Así, Carles Navarro, el difunto gerente de Filesa, víctima fatal que fuera de un infarto. O el director general de Turismo durante la hégira de Pujol, cierto Enric Grass, fallecido al súbito modo tras declarar en los juzgados por el desfalco de su superior y allegado Joan Cogull, quien poco antes apareciera suicidado en un hotel de Manila. O Josep Górriz, también dirigente de Unió, también implicado en el caso Turismo, y también traspasado como los anteriores: de repente. O el socialista Iñaki Guerrero, un joven de apenas treinta años aunque ya avalado por un vasto currículum en el ambiente de las grandes contratas, otro perjudicado por un fulminante ataque cardiaco que lo llevaría con premura inopinada a la tumba.

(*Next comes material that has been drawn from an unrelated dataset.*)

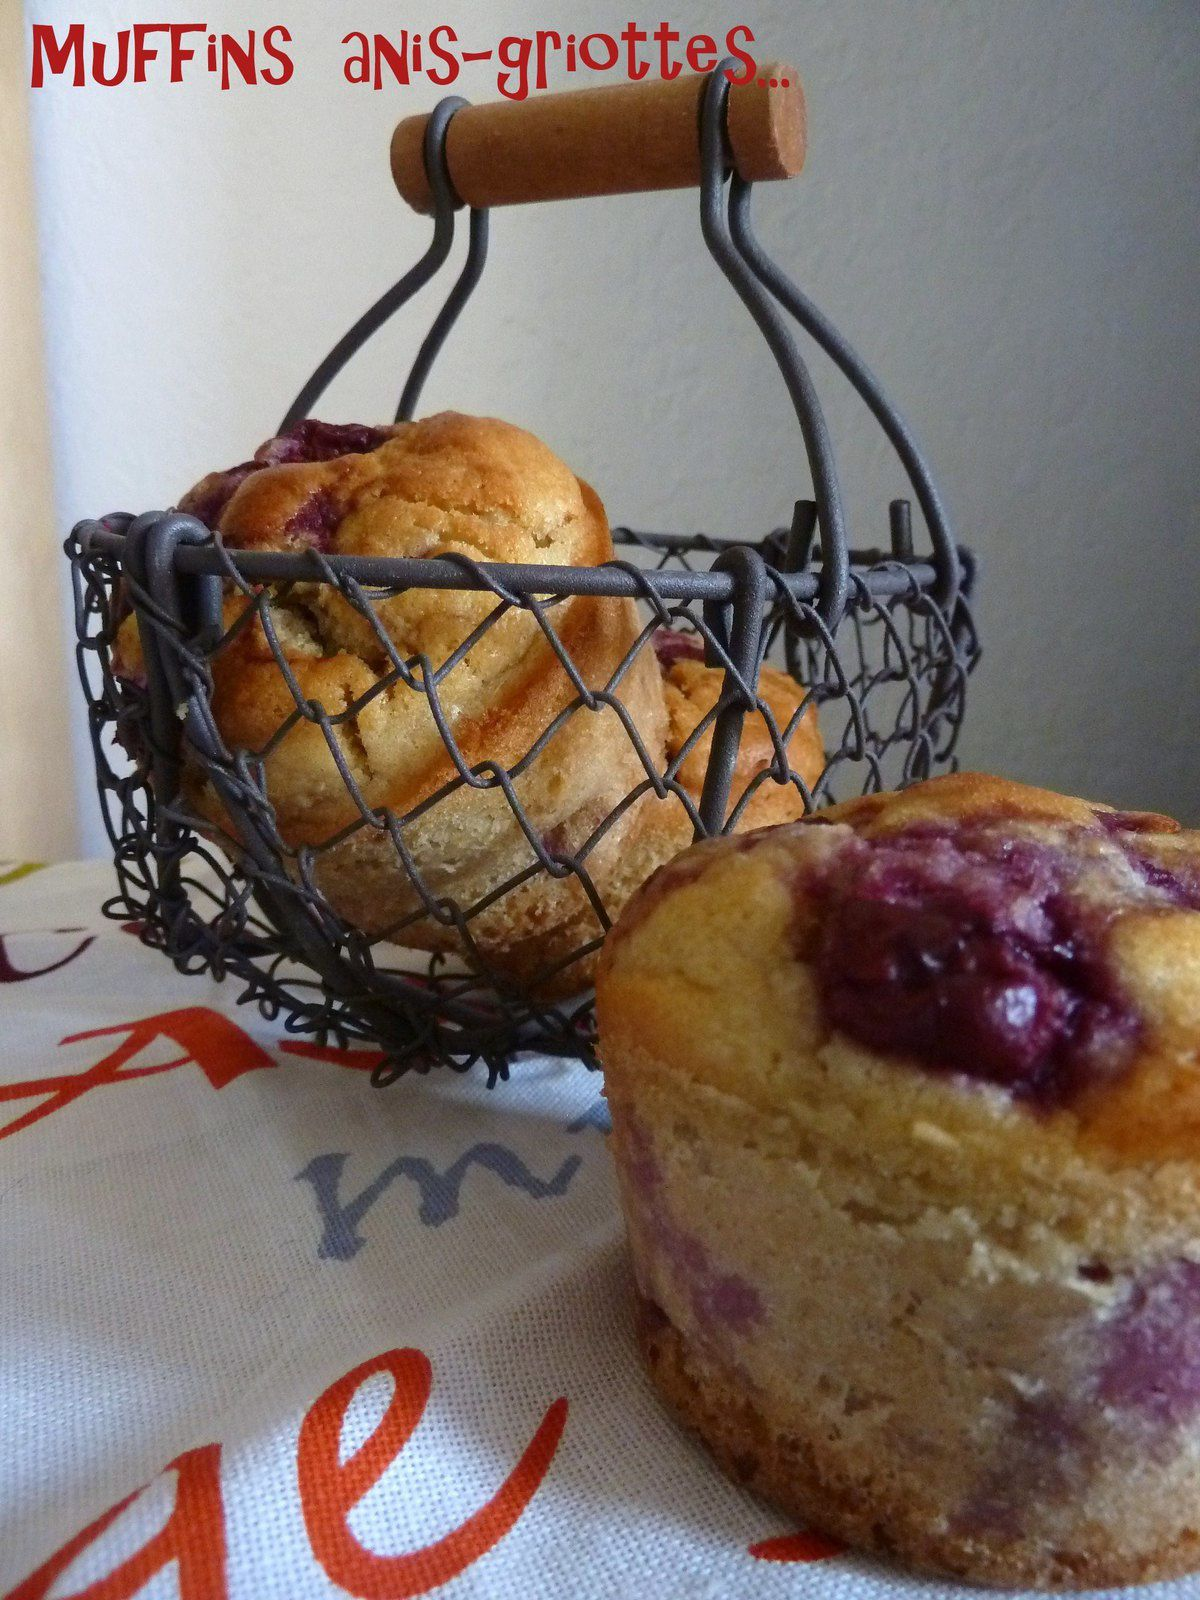 Muffins cerise-anis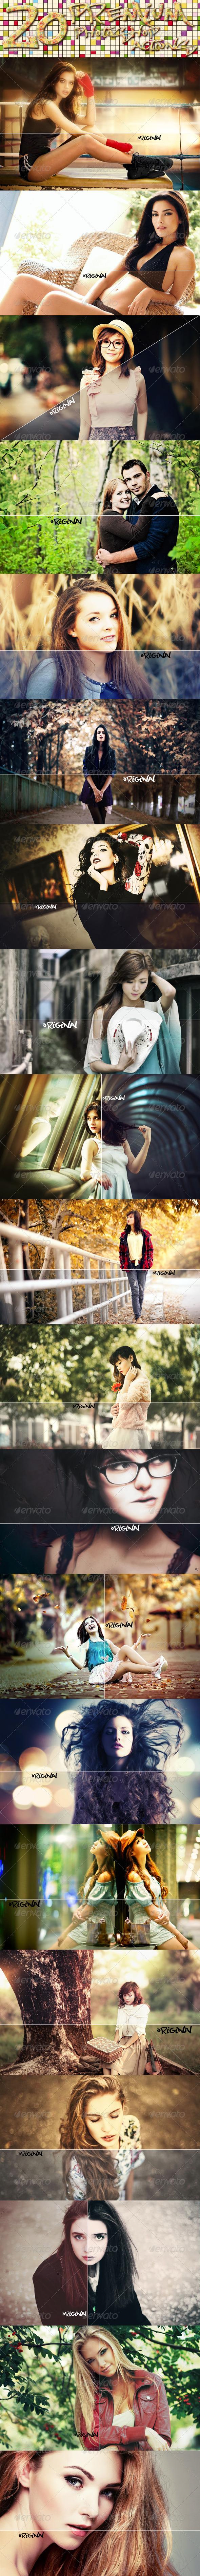 GraphicRiver 20 Premium Photoshop Actions 8681841

O un efímero Joan Martín Toribio, democristiano de delicado corazón que fue perito en coimas de hasta el veinte por ciento antes de pasar a mejor vida. O el finado administrador de los cuartos de Convergència, Carles Torrent, repentino protagonista post mortem de la penúltima mordida de la temporada, el celebérrimo caso Millet. Pues, recuperada la memoria con milagrosa celeridad tras su ingreso en prisión, nuestro patricio acaba de dejar en mal lugar ante la Historia a Pasqual Maragall. Lejos de vagas especulaciones, con los números de encima de la mesa, el patriota Millet sostiene ahora que lo del tres por ciento era falso de toda falsedad. Los catalanistas nunca han hurtado menos del cuatro por ciento del presupuesto en las obras públicas, predica el locuaz Millet. Eso sí, en todos los casos el dinero fue a parar –perjura– al extinto Torrent, que en paz descanse. Carpe Diem.